The practice poses two problems:

  1. The references may be inaccurate; and
  2. Even if accurate, the references are subject to change at any point in the future, making it difficult for any future decisions to refer back to the original or understand the context in which it was made.

Given recent reports of Microsoft offering to pay individuals to make changes to certain Wikipedia articles in which they have a vested interest, the credibility of the site as a definitive reference source again comes into question.

A few of my colleagues at the firm also expressed bemusement when a recent case in Ontario (don’t have the citation, sorry) also cited Wikipedia.

I am quite a big fan of Wikipedia. It is, I think a rather useful and handy tool to refer to from time to time. Do I take it as the gospel? No. Would I use it if I were trying to concoct an antidote for a poison that was about to kill me? Probably not. Would I cite it in a legal research paper? Possibly. In fact, quite likely.

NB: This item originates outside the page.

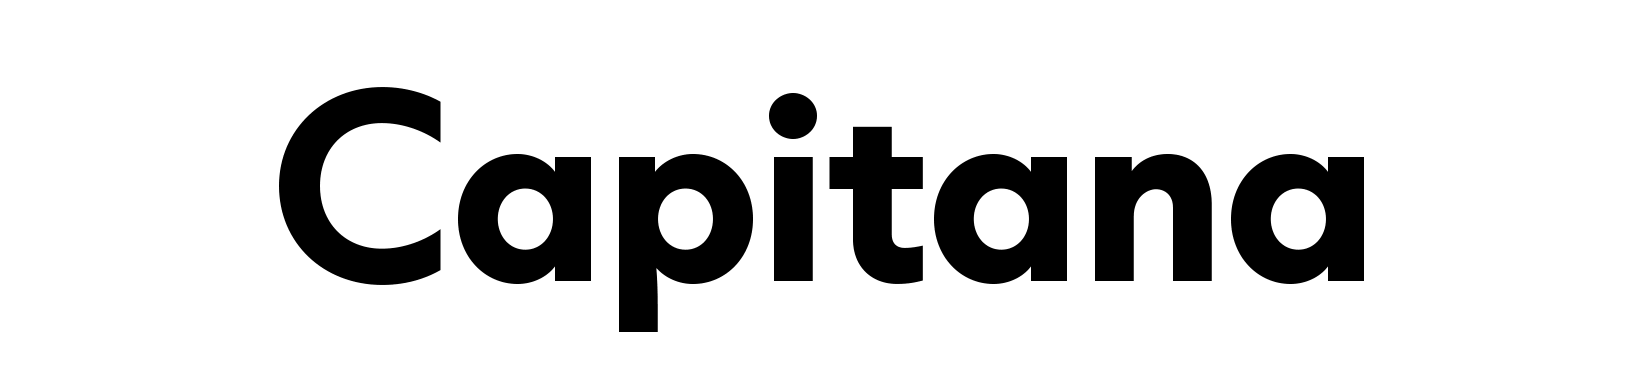 Capitana Typeface

Although Wikipedia is by no means without its weaknesses, it also has its strengths. Sure, there is a possibility of inaccuracy. But then again, isn’t something less likely to have inaccuracies if it is reviewed (and edited) by more eyes (and more minds)? Isn’t it more likely that if there is a dispute about what is and isn’t correct, it will come to light, just like the Microsoft incident?

And what source, can it be said, is free of inaccuracies? Certainly not The New York Times. Although the Gray Lady is quick to point out that it was “deceived” by an errant reporter, it is less quick to reflect on the fact that it published fabricated stories. That of course is the clearest example, but history is rife with examples of inaccurate or misleading stories in the press. Less clear, of course, is media bias. And one only needs to refer to Manufacturing Consent. I don’t necessarily agree with all that book has to offer, but it certainly provides some food for thought.

What about scientific publications? Hmmm. Well. Again, truth is quite often relative. The clearest examples, are, of course, outright fabrication. Nonetheless, Dr. Hwang Woo-suk’s paper on producting the first cloned stem cell line was considered the truth for several years, until he was discredited. And more generally speaking, is it not true that, in the world of science, what is considered to be the truth is what most scientists believe to be true? Is that not the system of peer review? A great read on this topic is The Structure of Scientific Revolutions (as an aside, its also the book that introduced the phrase “paradigm shift” into popular parlance). I won’t bore you with details, but suffice it to say that, at the end of the day, science, at least in concept, may not be that far from wikiality.

My point isn’t necessarily to skewer existing sources of “truth” but rather to point out that such sources aren’t necessarily more reliable or accurate, or less fallible, than something like Wikipedia.

And as for things changing? Make a copy.